Task details:
The listing below is to be written out word for word, minus its images.

---------- Source material

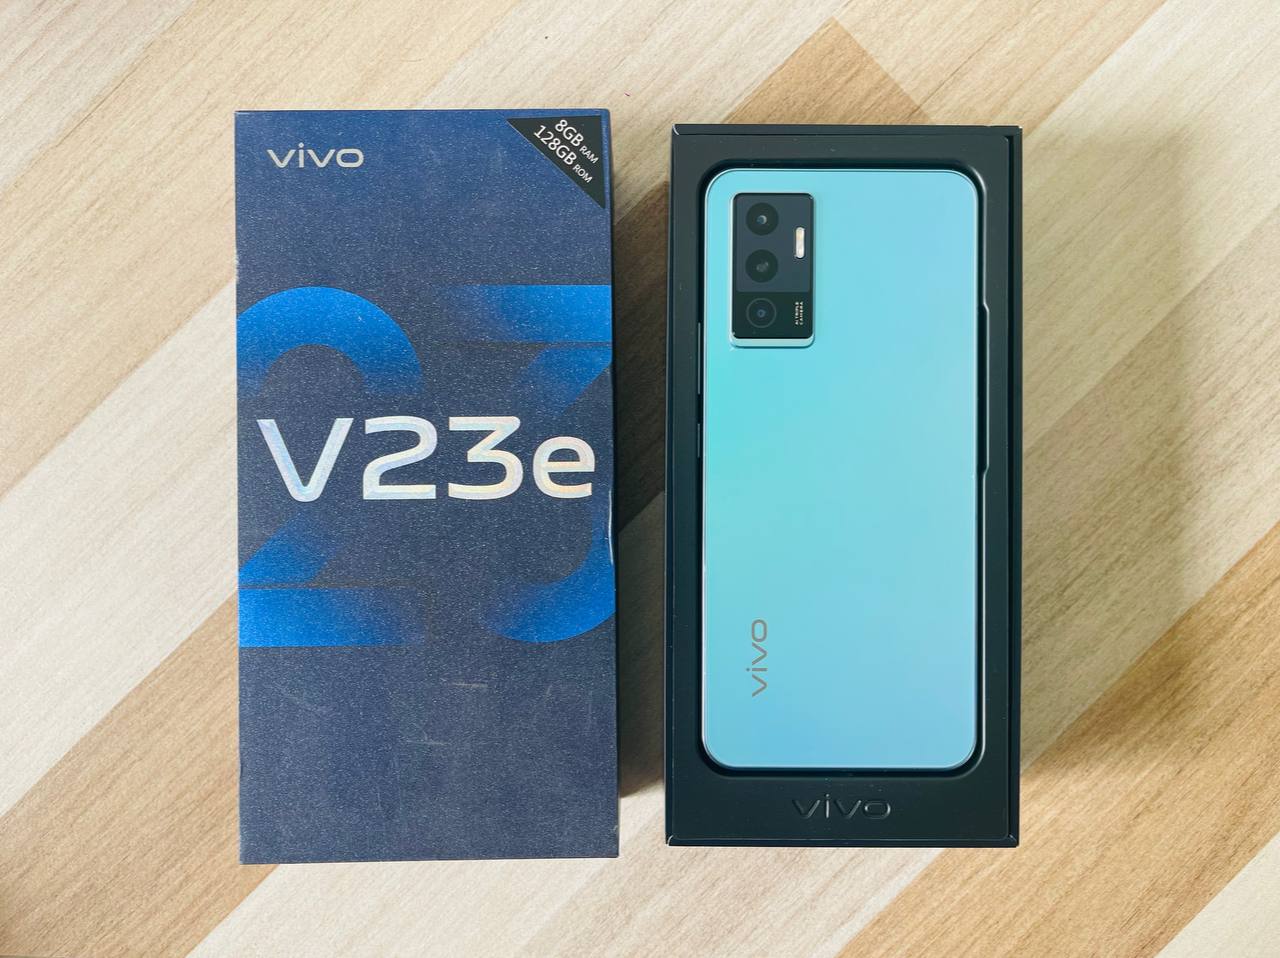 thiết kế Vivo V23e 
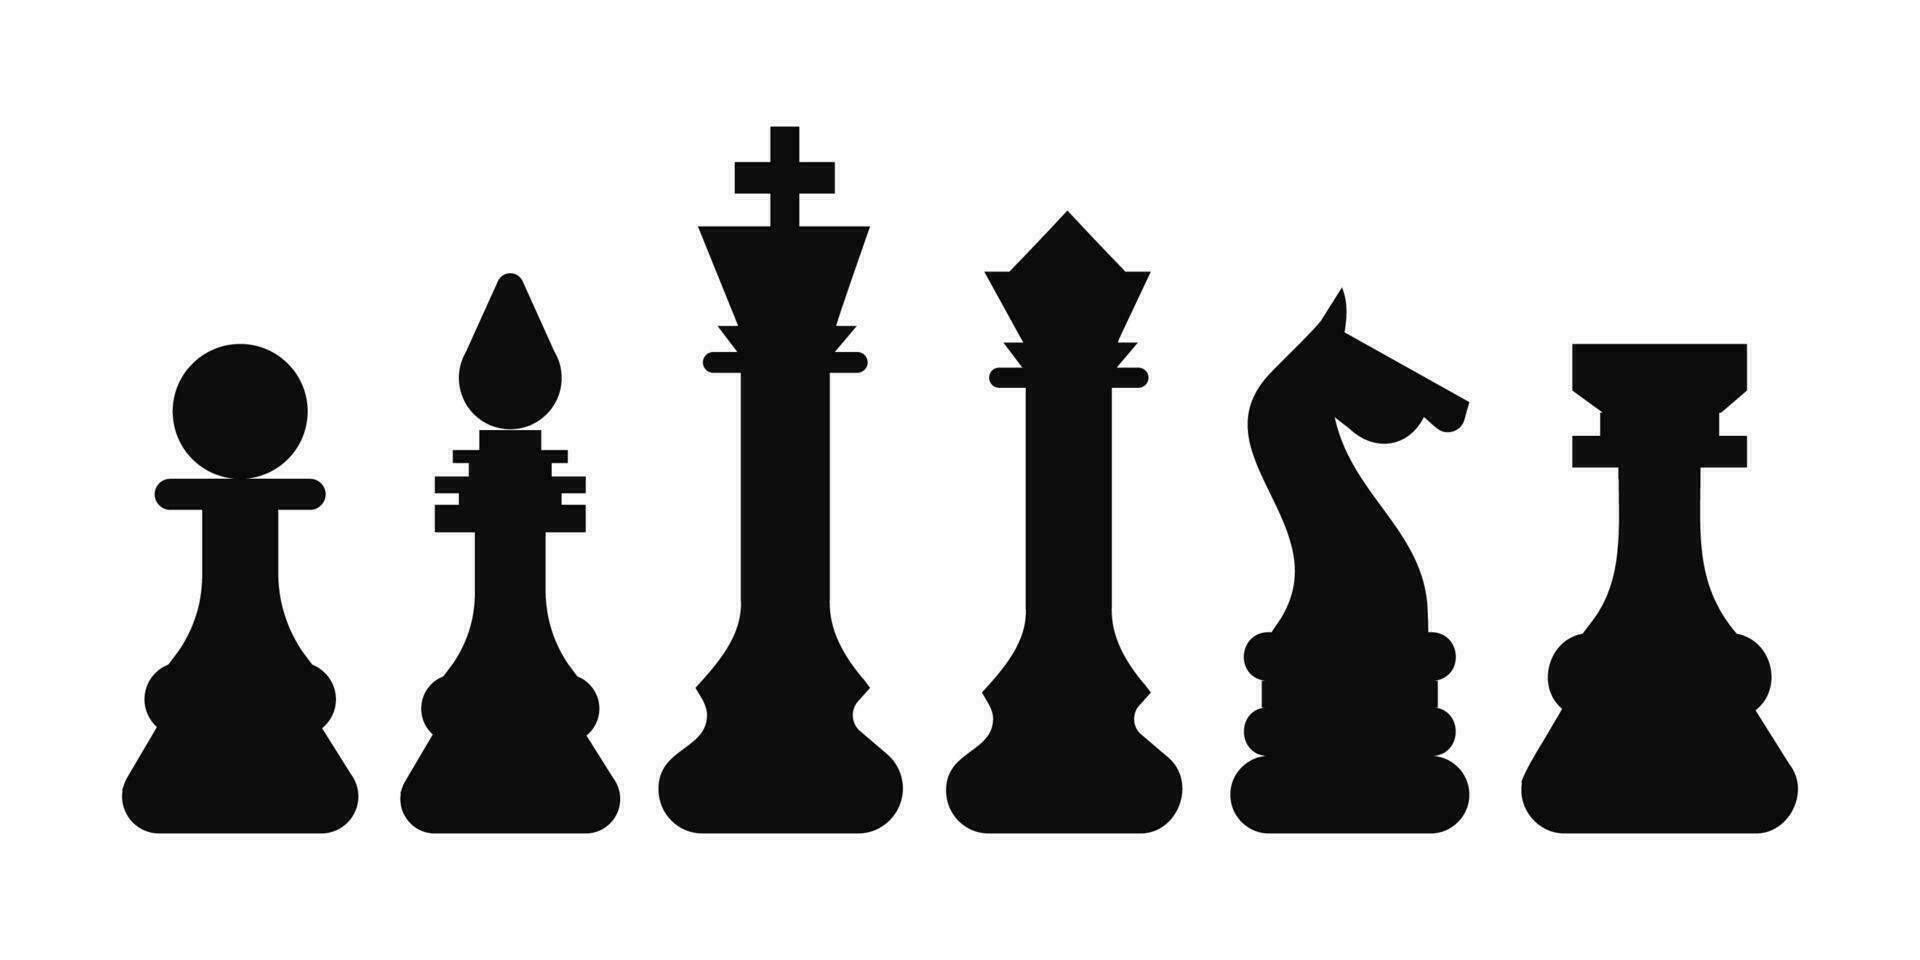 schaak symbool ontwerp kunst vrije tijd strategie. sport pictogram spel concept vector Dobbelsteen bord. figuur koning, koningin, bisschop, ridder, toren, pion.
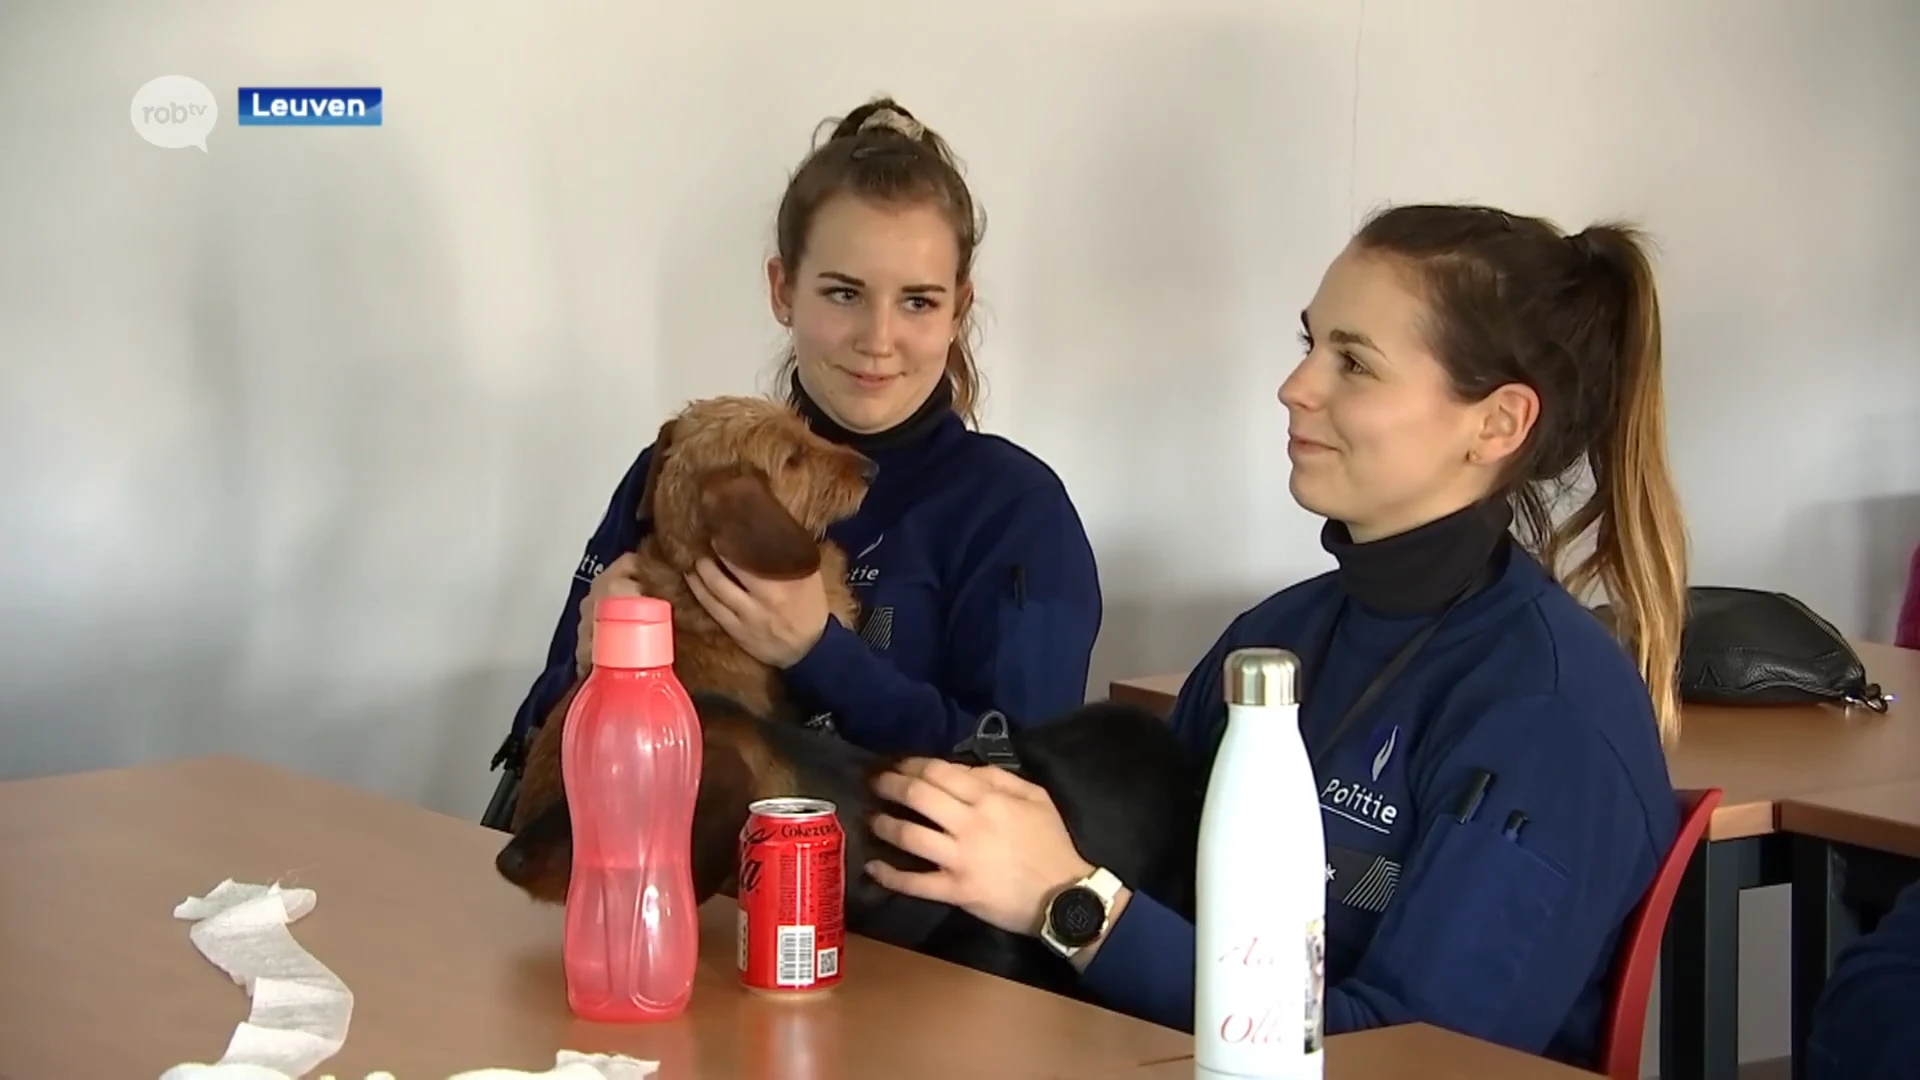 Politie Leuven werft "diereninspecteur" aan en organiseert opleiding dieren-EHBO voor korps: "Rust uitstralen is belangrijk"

--------------------

Exercise result:
 thiết kế Vivo V23e 
 schaak symbool ontwerp kunst vrije tijd strategie. sport pictogram spel concept vector Dobbelsteen bord. figuur koning, koningin, bisschop, ridder, toren, pion.
 Politie Leuven werft "diereninspecteur" aan en organiseert opleiding dieren-EHBO voor korps: "Rust uitstralen is belangrijk"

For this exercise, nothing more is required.